Barely 12 hours after Moscow signed a deal with Ukraine to allow monitored grain exports from Ukraine’s southern ports, Russia targeted Ukraine’s main port of Odesa – through which grain shipments would take place – with cruise missile strikes.
“The enemy attacked the Odesa sea trade port with Kalibr cruise missiles,” Ukraine’s operational command south wrote on Telegram, raising doubts about the viability of the deal that was intended to release 20m tonnes of grain to ward off famine in large parts of the developing world.
In one of the largest attacks on Odesa since the war began, airstrikes rattled buildings in the centre and sent up a plume of smoke that was visible across the city.
On Odesa’s seafront, beachgoers applauded as air defences brought down two of four missiles, with the remaining two hitting the port.
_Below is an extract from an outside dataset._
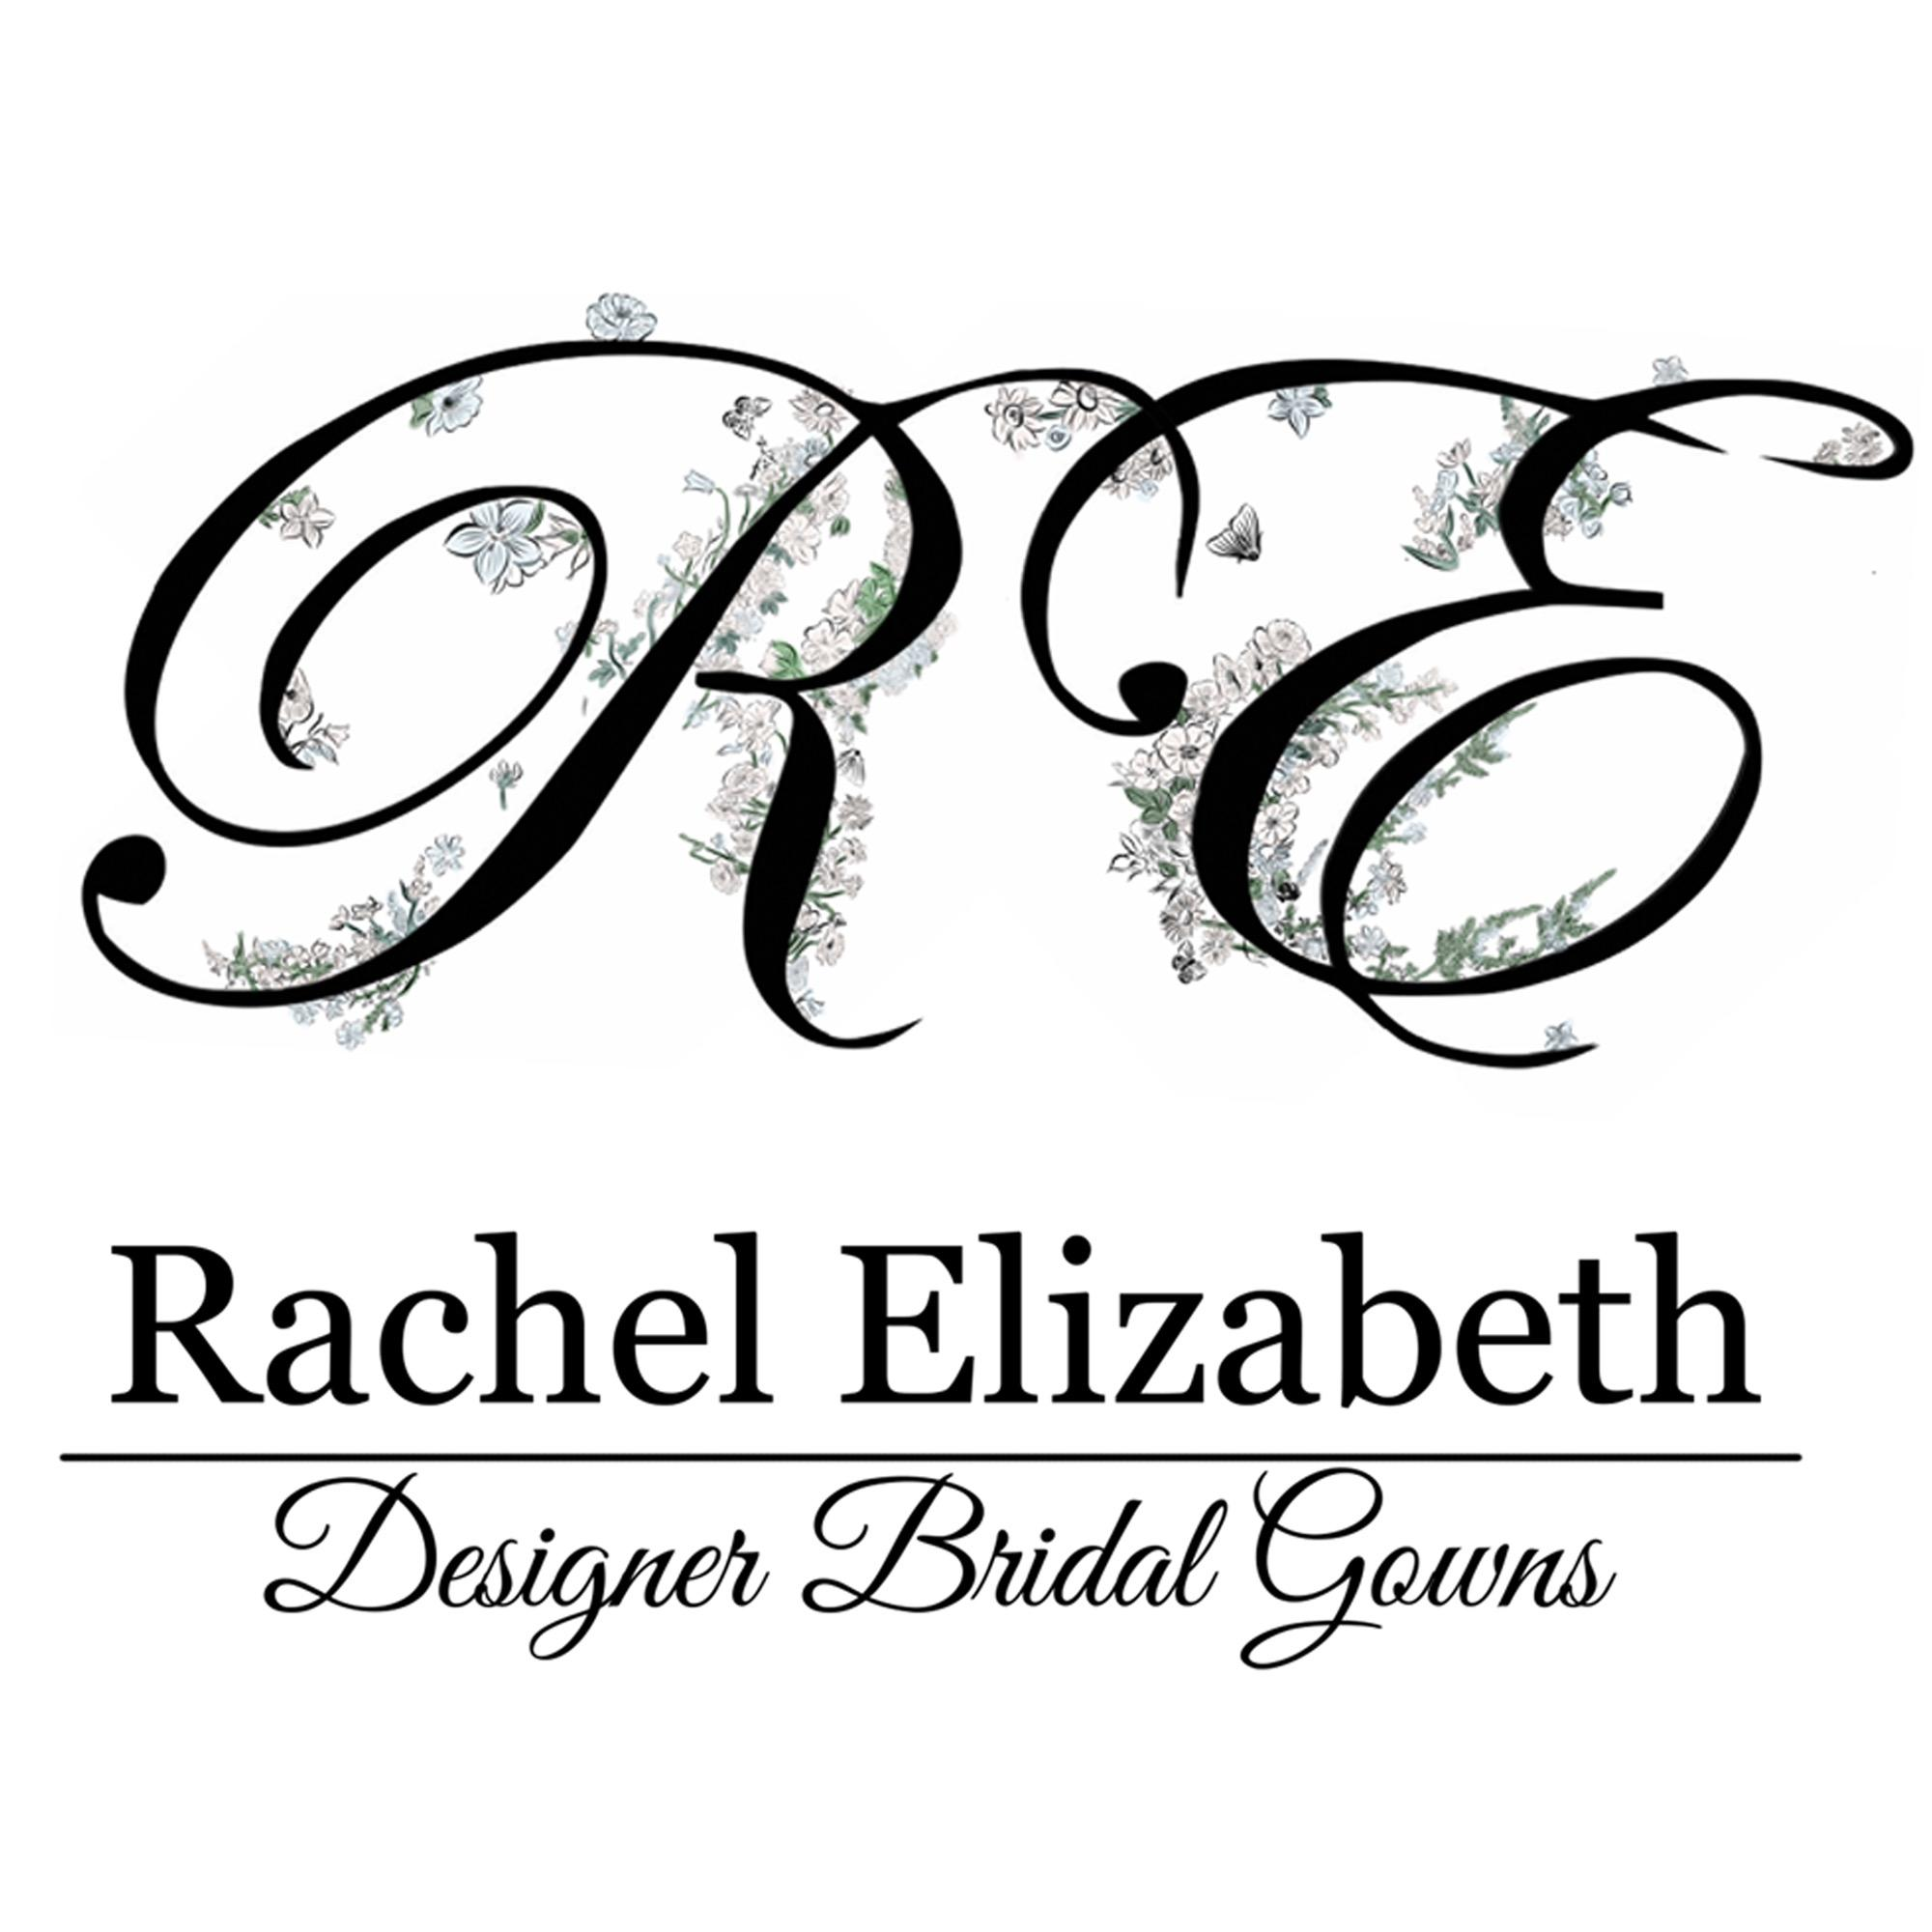 Rachel Elizabeth Designs, LLC

The attack was one of a series of Russian strikes across Ukraine, with the city of Kropyvnytskyi hit by 13 missiles on Saturday morning. The local governor, Andriy Raikovych, said at least one serviceman and two guards were killed while 13 other people were wounded in Kropyvnytskyi.
Local people in the city said the strikes targeted an airbase on the outskirts, as well as a railway substation.
Strikes were also reported in Kharkiv, where a residential area was hit killing at least three people, and in the southern city of Mykolaiv.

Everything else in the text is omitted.